Therefore, we are doomed.
So the first act of geoengineering would be to change capitalism to a better system,
the better index.
But also, all the other geoengineering ideas need to be put on the table and discussed
as emergency operations that we might need to keep mass death from happening.
And that's why ministry starts with the scene of math death and is followed by some
after the barn door is open kind of geoengineering attempts.
So with that kind of preface, I naturally, I went to the first one that is most on everybody's minds,
which is sometimes called solar radiation management, that you toss some dust into the
atmosphere and imitate a volcanic explosion and you reduce global average temperatures by a degree
or two for two to five years. It depends on how much dust you put up there, et cetera.

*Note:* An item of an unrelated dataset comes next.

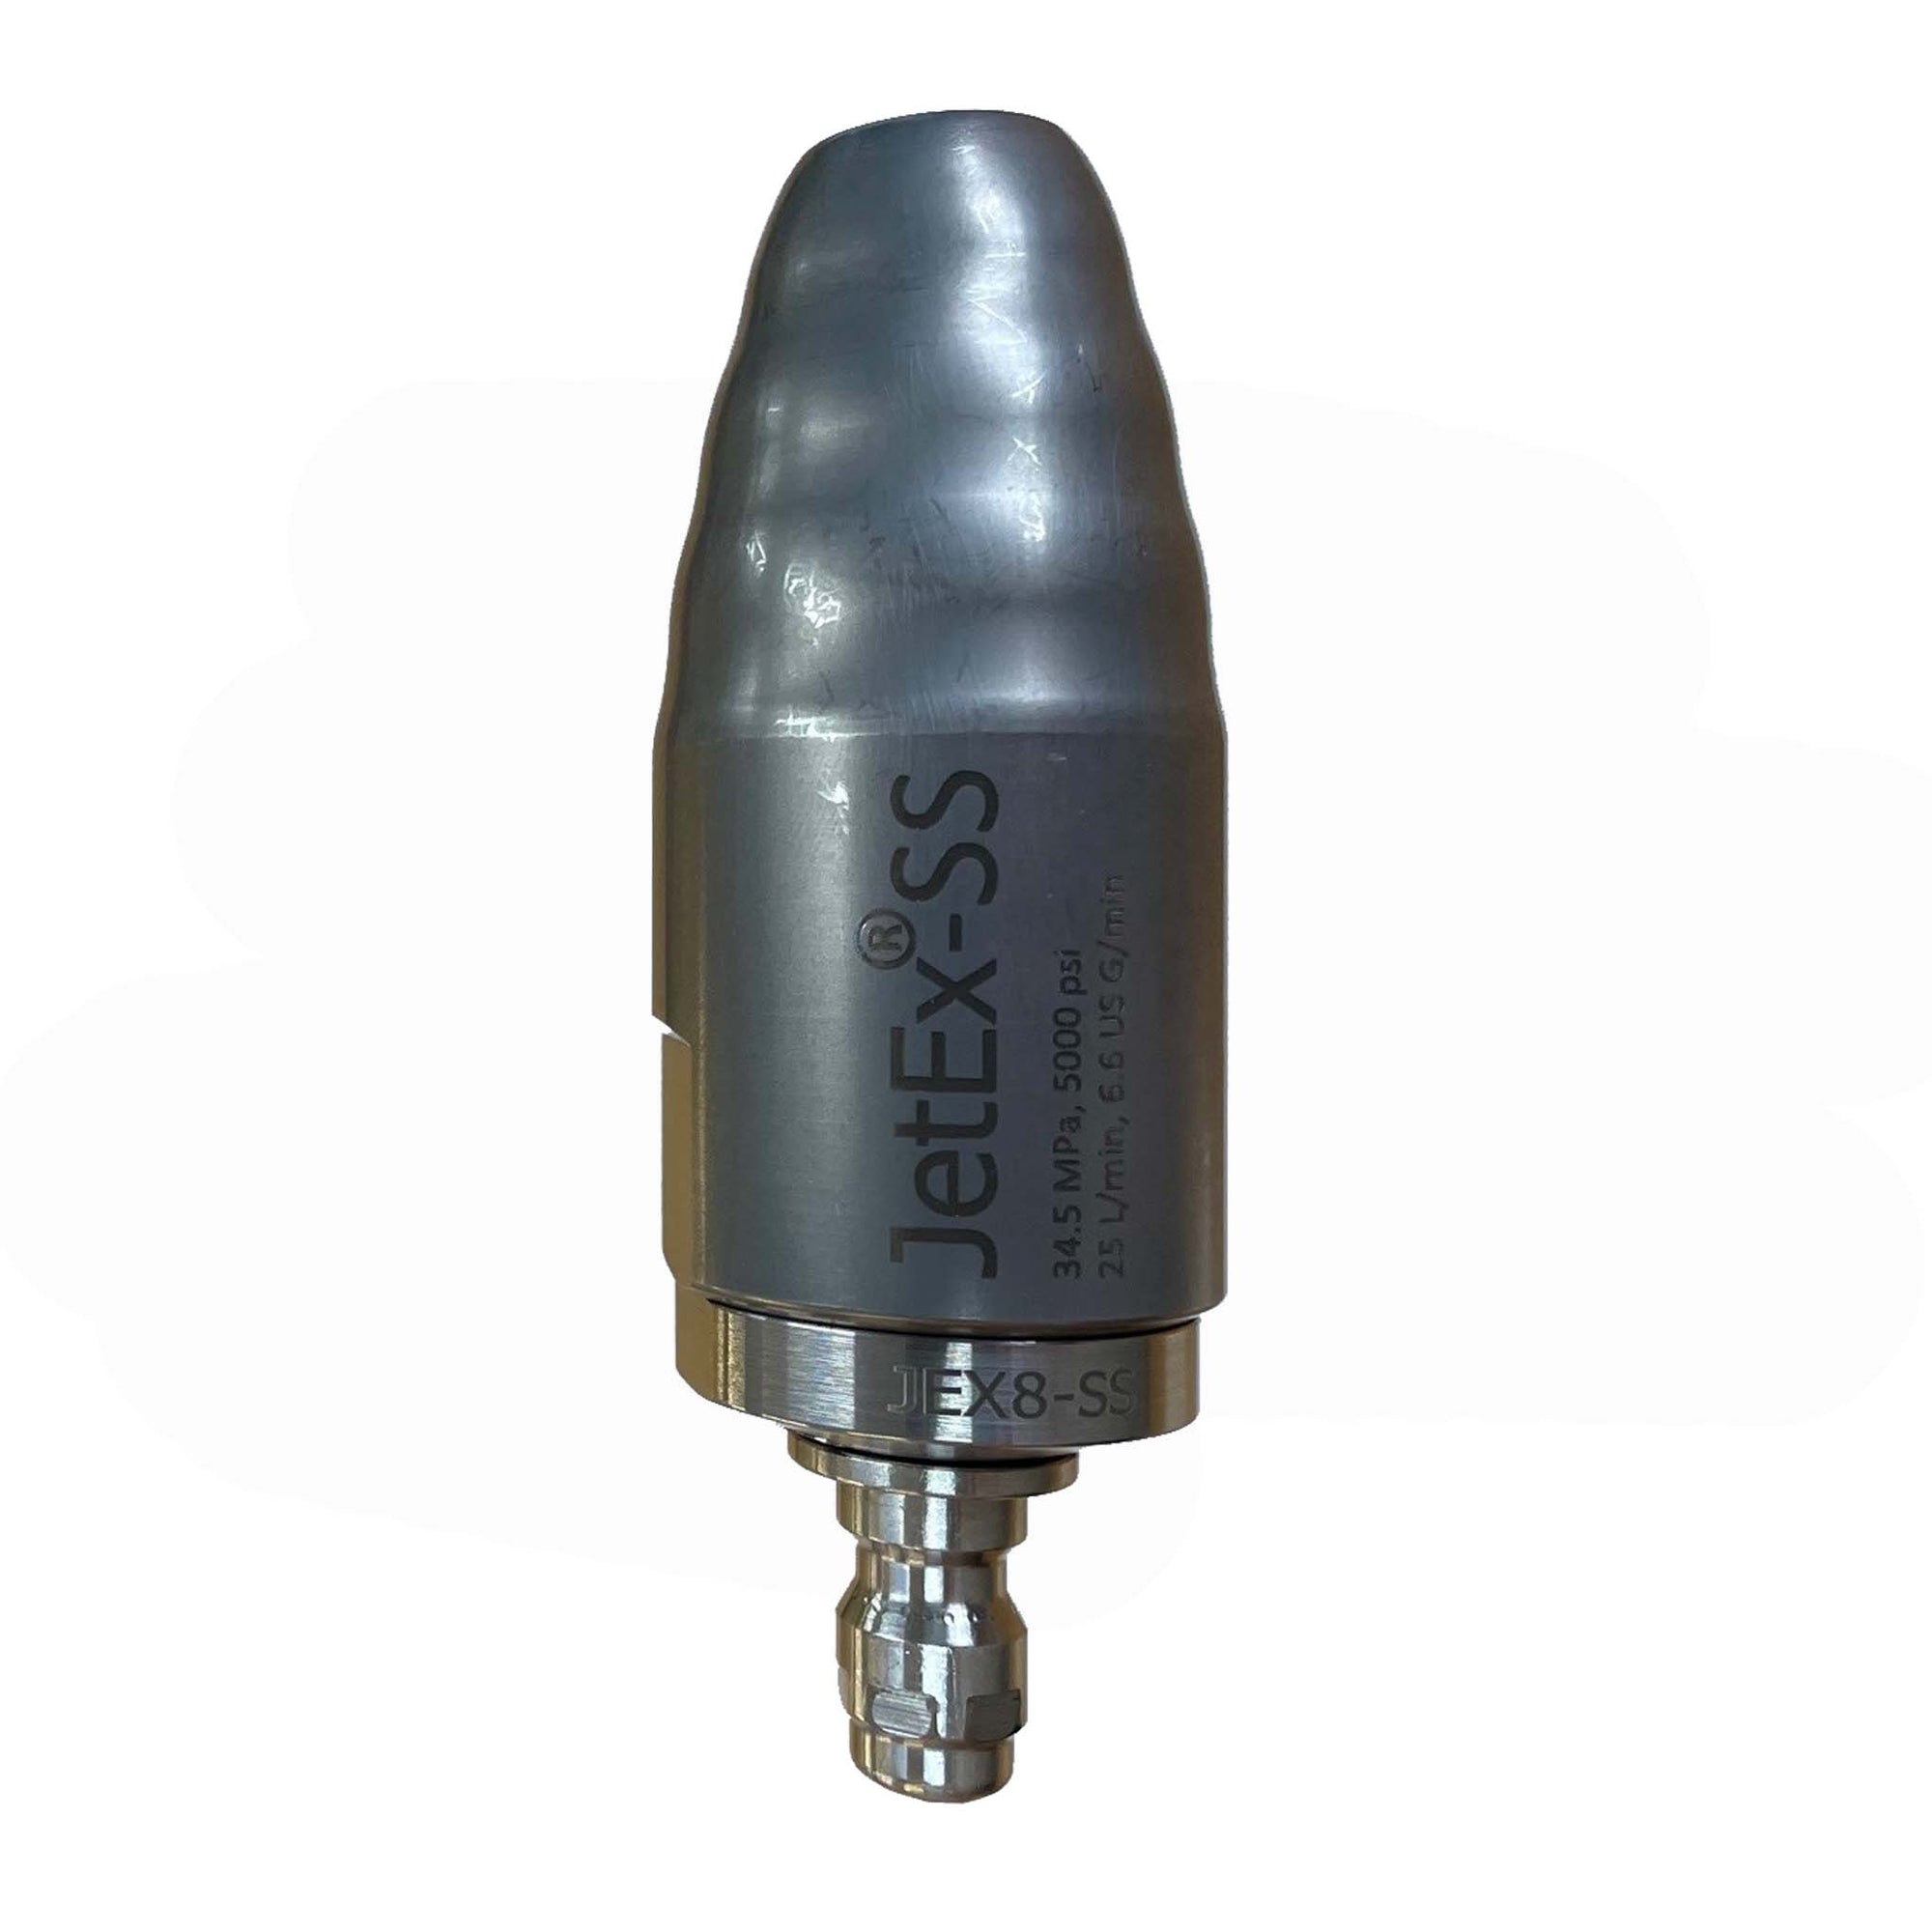 JetEx Stainless Steel Turbine Nozzle 1/4" with QR Adaptor
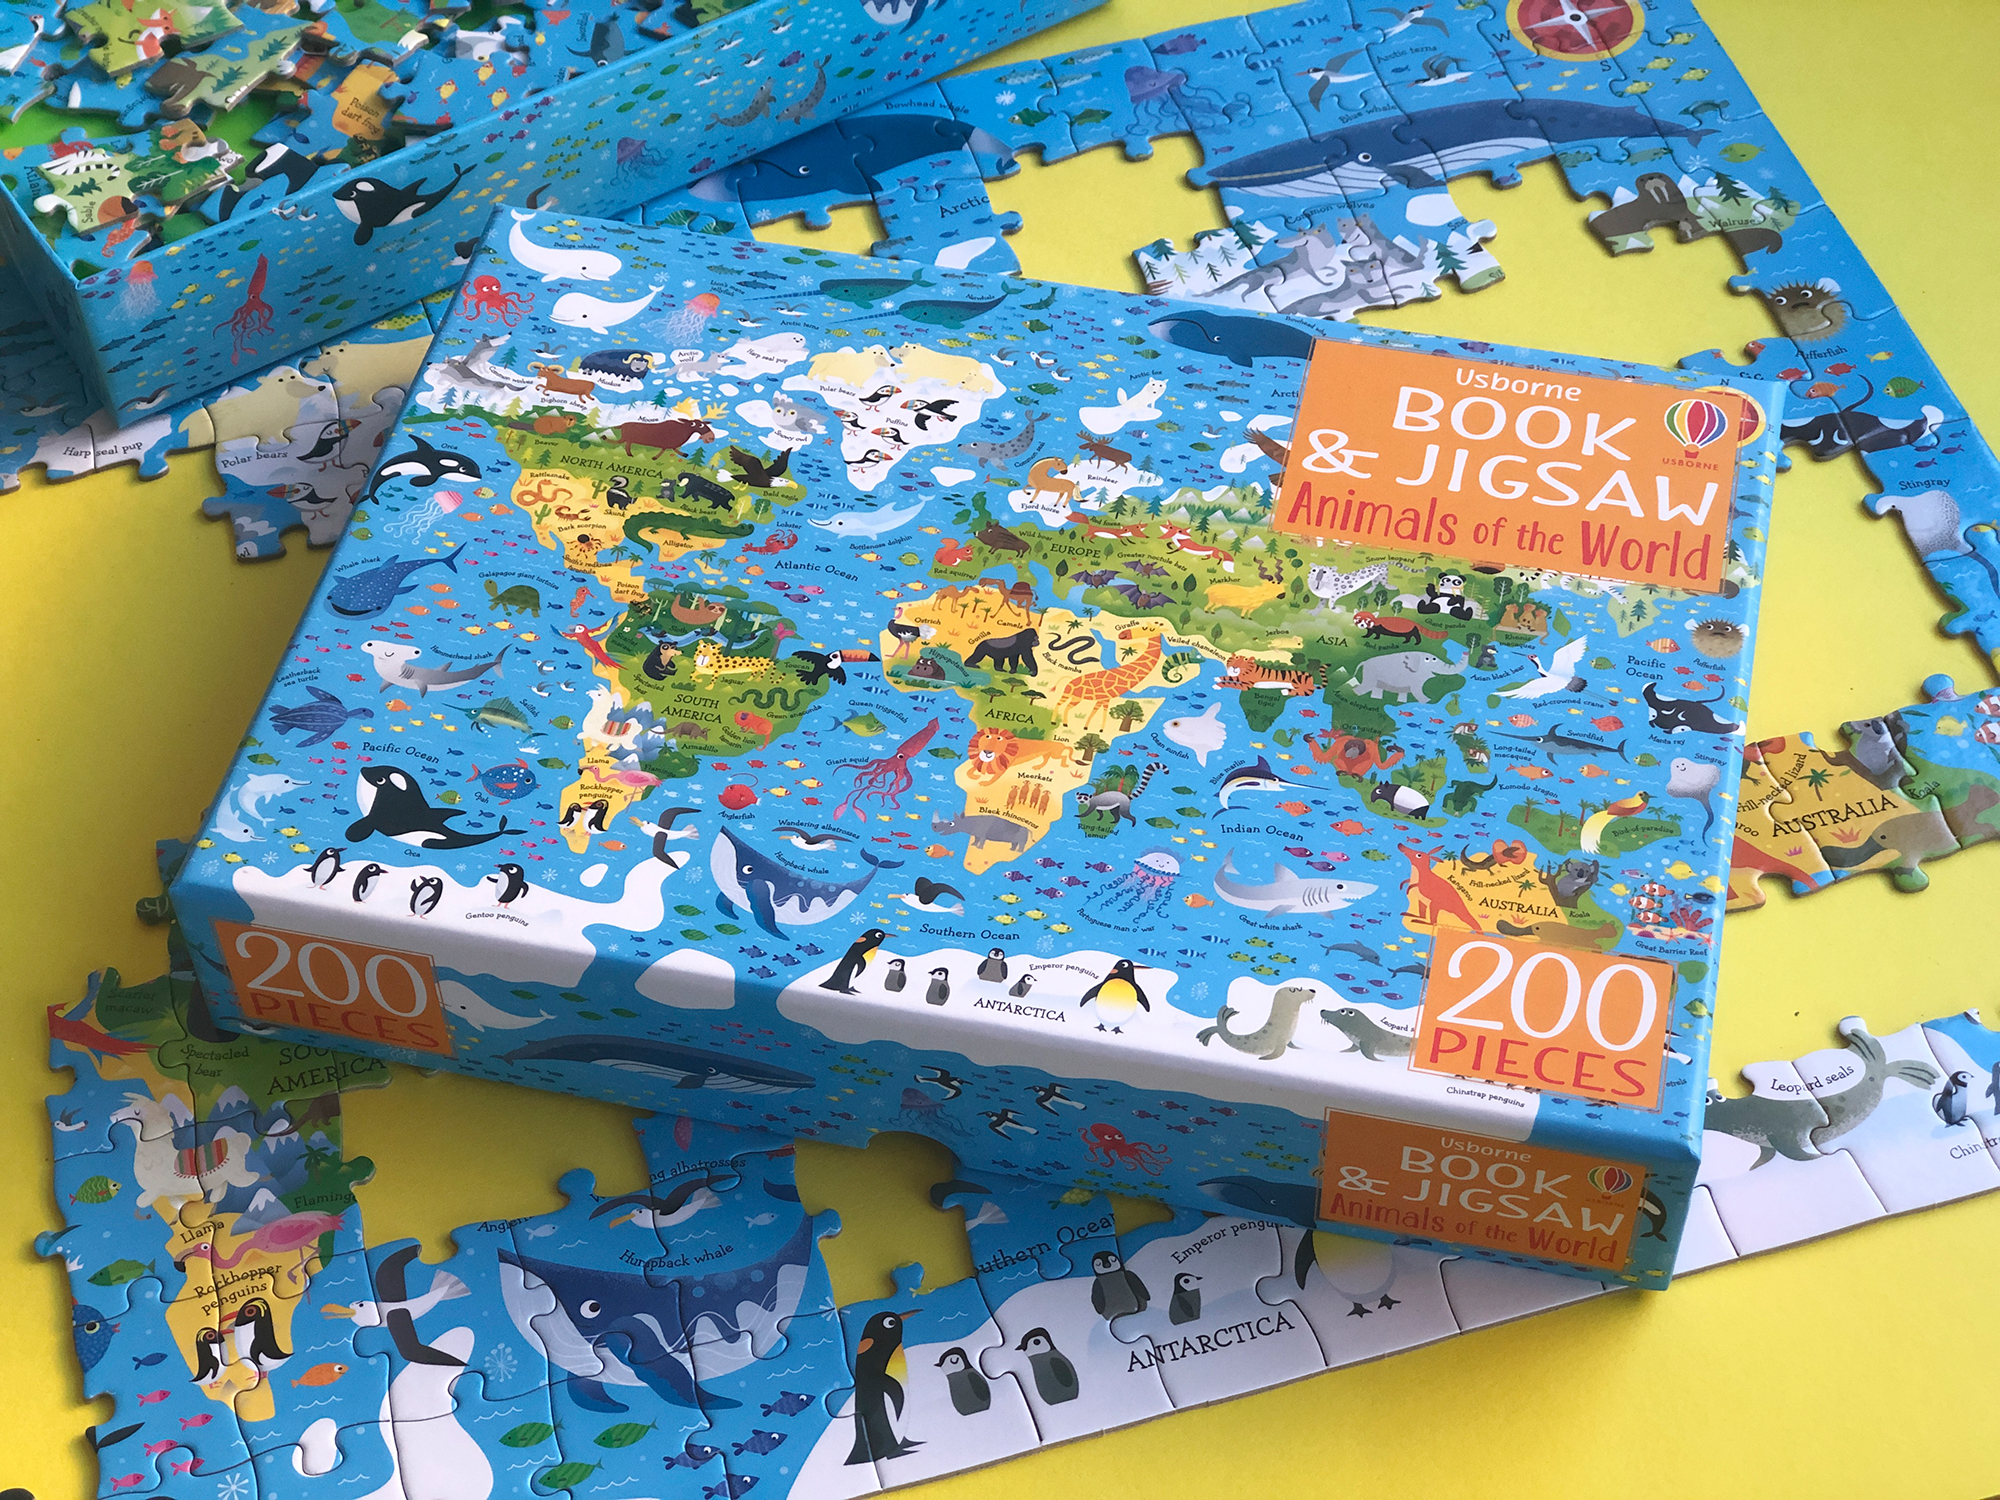 Jigsaws are a great way to learn about the world

deflect away some sunlight.
Well, this is hubris.
This is crazy, but it might nevertheless be helpful, if not necessary.
If global average temperatures get too hot, the temperatures combined with humidities might rise to a point where people just die in them unless they're in air conditioning.
And, of course, power grids fail.
So I describe a kind of an undiscussed act of solar radiation management by the Indian government because the first big heat death happens in India.
And then that becomes normalized in the next 30 years as to being something that's on the table to do because it does not lead to dreadful results.
And now that is a guess on my part, although based on the scientific evidence, people do worry that,
When you have a big worldwide affecting global volcanic explosion that does lower temperatures in the way that we're modeling here,
that sometimes that slows down the monsoon and then people will be dying for a different reason.
And there are other effects that people worry quite a bit about.
But I'm going to say that it doesn't matter what well-meaning and well-informed leftist intellectuals in the West.
It doesn't matter what we think.
if people start dying on mass because the global average temperature has been driven too high
by our developed countries' actions, the developing world may go ahead and do some of these
things, and we have no moral basis to object to that. And also, it doesn't matter on a practical
basis whether we object or not, because any nation state has a fleet of planes to be able to get
up into the stratosphere and throw out some... I just learned yesterday that the best dust was
probably calcium carbonate, which is simply ground up limestone, almost like chalk.
That's already in the lower atmosphere.
It doesn't seem to be doing any harm, and you throw it up there.
It's way better than sulfur dioxide, which is what volcanoes toss up there, because
sulfur dioxide tends to degrade the ozone layer.
So you'd be killing yourself a different way by imitating a pinotubo precisely with
sulfur dioxide particles.
Better just to use chalk, bounce some sunlight away from us, lower
temperatures, the chalk falls to the ground. That's not unproblematic. It might have effects that are
bad in the Arctic. So this is another problem, but it would only last for two to five years,
and then we could evaluate what happened and think it over again. I think this is coming.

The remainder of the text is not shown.